Neville J Woolf Conversations with Dicke

Nick Woolf is Professor of Astronomy at the University of Arizona. He was a postdoc in the Princeton University Department of Astrophysical Sciences from 1962 to 1965. His current research interest is astrobiology.

I have these memories that tell me that I cost Bob Dicke the Nobel Prize.

One evening in the attic of Palmer, I think in early 1964, Bob turned to me and asked me whether there was any way to know the amount of the background radiation. He had already turned Roll and Wilkinson onto the topic, but I believe they had only just started.

I said "Well, there were your own measurements in 1946." He grunted. And I said, "and then there are the interstellar molecules."

He didn't say a word. "Oh," I thought, "I must have said something stupid" and I shut up. If I had said more, about the searches for excitation in iron and CN and the other stuff, I am sure he would have picked up on it and he would have been ahead of Penzias and Wilson - but that is the world of Might Have Been.

I also mentioned the molecules to George Field during this time, or slightly earlier, and George said something about that he thought they were excited by collisions. Later I asked him, and he said that he had tried a calculation around that time, but later realized that it had been wrong.

Finally, when I was at the Institute for Space Studies in 1965, Bob Dicke wanted Bill Hoffman and me to fly a balloon to detect the background radiation. Well, I knew that we were far from that level of precision, though in a couple of years later Bill did detect the 100-^m radiation from the galactic center. So I hurriedly diverted Bob to the molecules. And in the hurry of the moment I left him with a reference to McKellar's paper before he had measured the excited state. So Bob got Pat Thaddeus into the picture, and Thaddeus tracked down the literature - but this was all after Penzias and Wilson (1965a) had observed the background.

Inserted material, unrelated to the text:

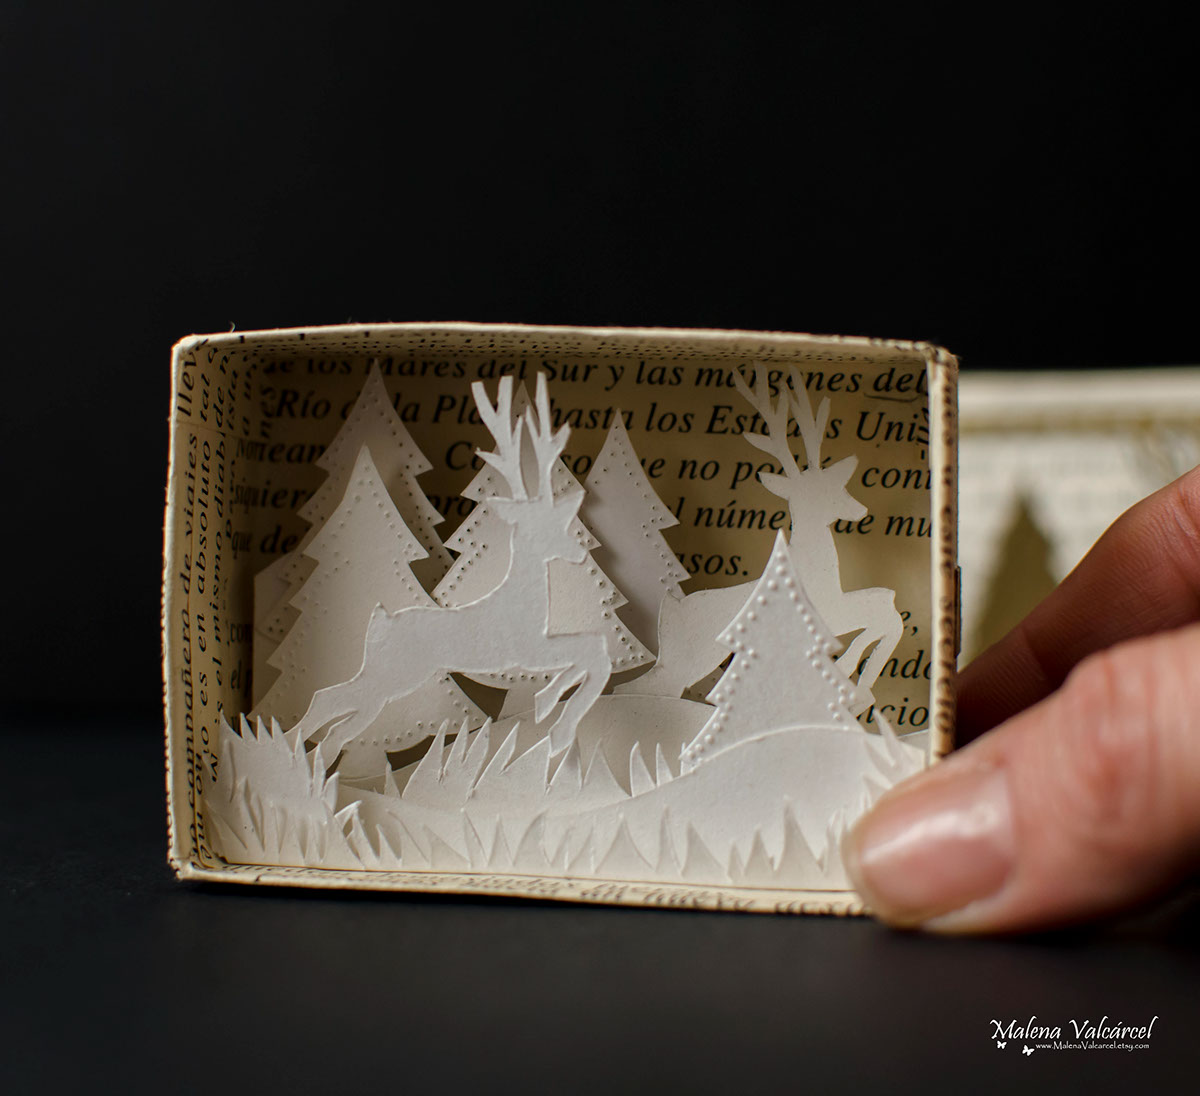 matchbox art paper christmas paper art paper art spain sculpture Diorama paper diorama art with paper matchbox diorama Miniature Arte con Papel papel Malena Valcarcel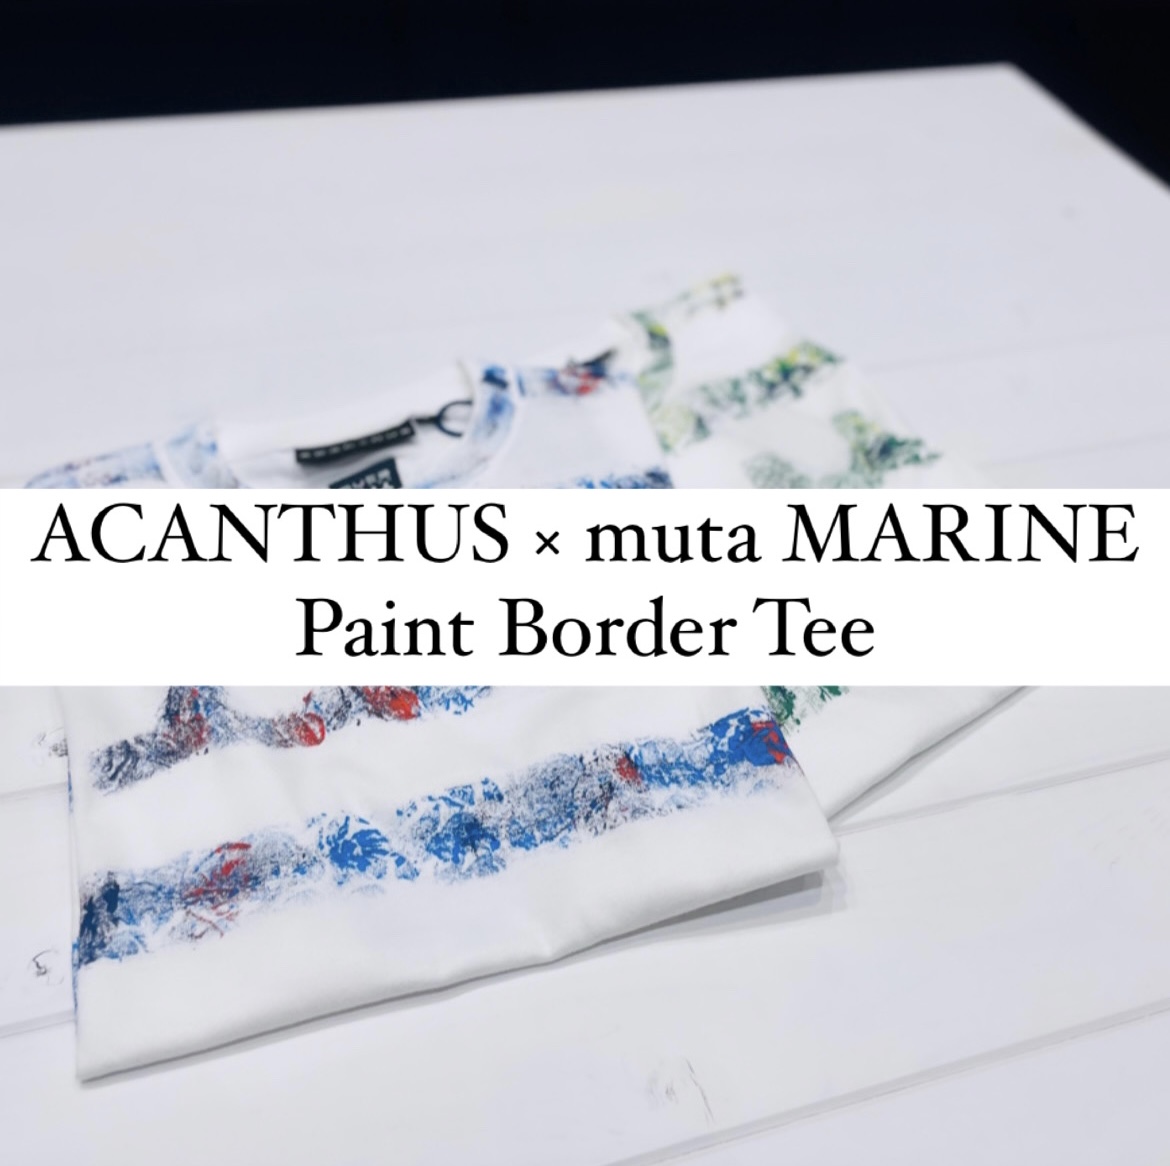 ACANTHUS × muta MARINE Paint Border Tee

Anyway, once Bob knew of the excitation he visited me at the institute, and asked who was working on CN at that time. "Guido Munch" I said. "Call him, and ask if there is anything new," said Bob, so I picked up the phone and called Guido. I asked about the cyanogen, and Guido said "Are you working with George Field?" "No, why?" "Well George called me yesterday about this."

Later I found that at almost the same time Shklovsky gave a colloquium in Moscow on the same topic.

So that is the story of how one postdoc's hesitation lost Bob the Nobel Prize. And I believe it would be worth telling the tale, so that some other young person next time is not as hesitant as I was.

And of course, there it is in Herzberg's book about the temperature being 3 K, "but this number has no physical significance whatever" ... I quote from memory.

And like Gamow I have now moved into astrobiology.